Simpson Thacher recently represented the initial purchasers and lenders in connection with a $6.2 billion refinancing of the Howden Group. The refinancing included a notes offering consisting of a Rule 144A and Regulation S offering of $1.0 billion of 7.250% senior secured notes due 2031 and $500 million of 8.125% senior notes due 2032 (together, the “Notes”), the establishment of a new $2.925 billion first-lien dollar term loan and a new €900 million first-lien euro term loan (together, the “New Credit Facilities”), the amendment and restatement of Howden Group’s existing credit agreement, as well as the increase of its revolving credit facility to £630 million.
The net proceeds from the issue of the Notes, along with the proceeds from the New Credit Facilities, were used (i) to refinance a portion of existing first-lien term borrowings and repay in full second-lien term borrowings under Howden’s existing credit agreement and (ii) for general corporate purposes.
Howden is a leading (re-)insurance intermediary with a global footprint, delivering retail, specialty and wholesale broking services, as well as reinsurance and underwriting solutions.
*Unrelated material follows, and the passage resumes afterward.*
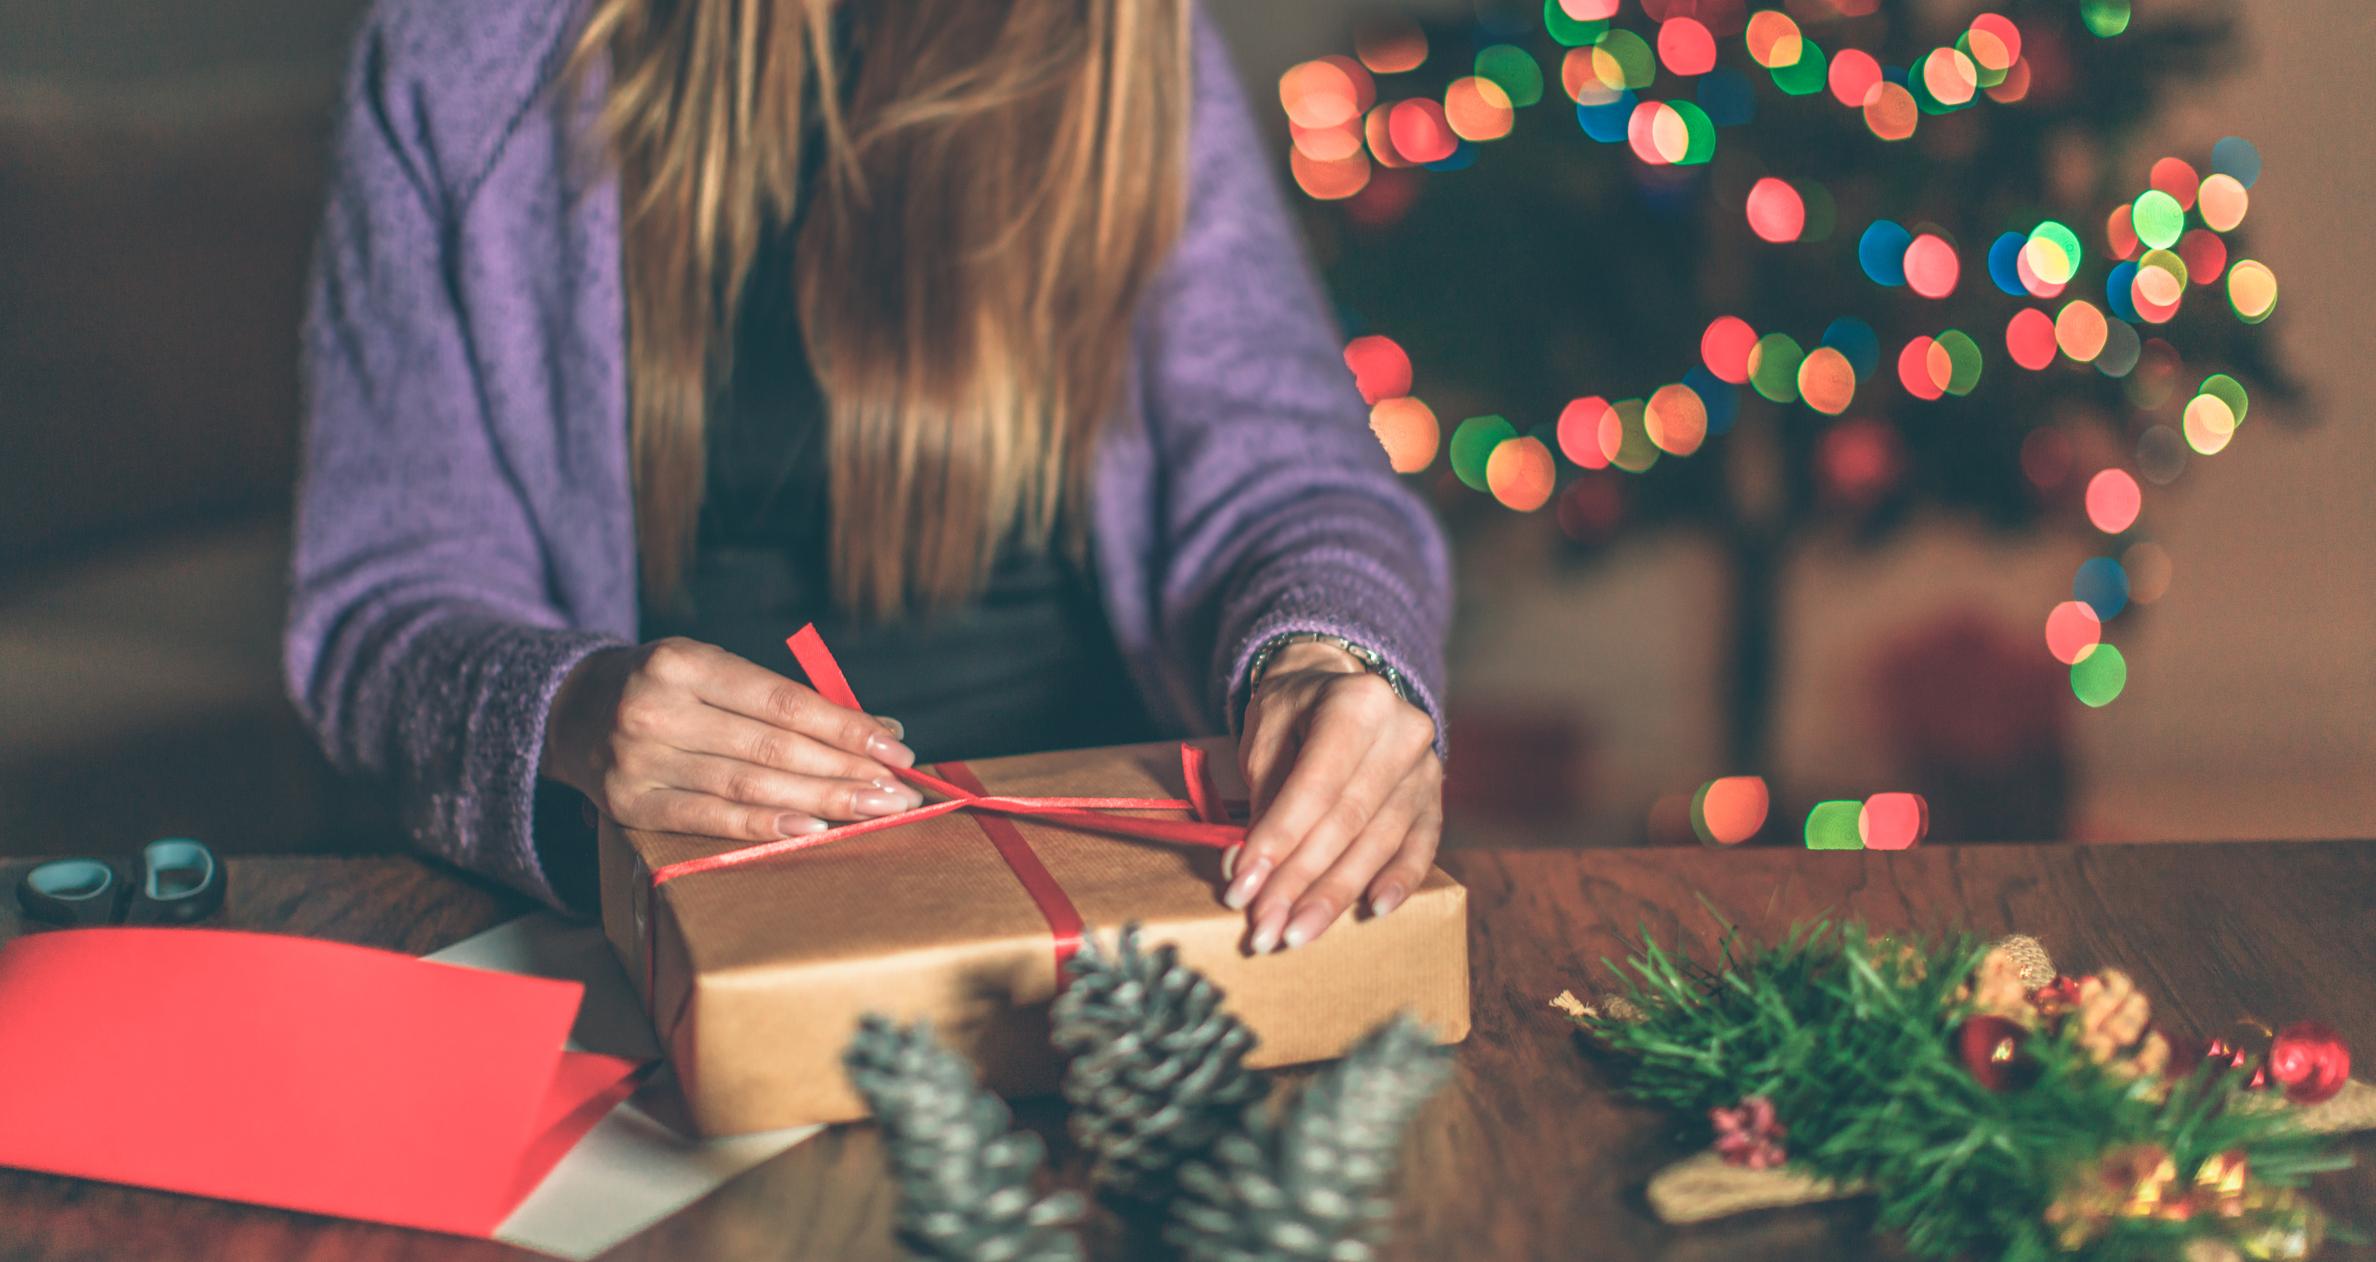 Teacher Christmas Gift Ideas that Won't Break the Bank

The Simpson Thacher team included Gil Strauss, Iakovos Anagnostopoulos and Julia Szinovatz (Capital Markets); Patrick Ryan, Stephanie Rotter, Dennis Durkin, Roman Ibragimov, Joel Kushner and Ashley Jaramillo (NY Credit); Antti Pesonen, Siân Perez, Charley Xu and Tom Lort (UK Credit); Sarah Lindley, Meredith Jones, Michael Mann, Sefia Jivraj, Kris Liu and Jenna Al-Malawi (Tax); Jeanne Annarumma (ERISA); Jonathan Pall (Collateral); and Pasco Struhs (ECEB).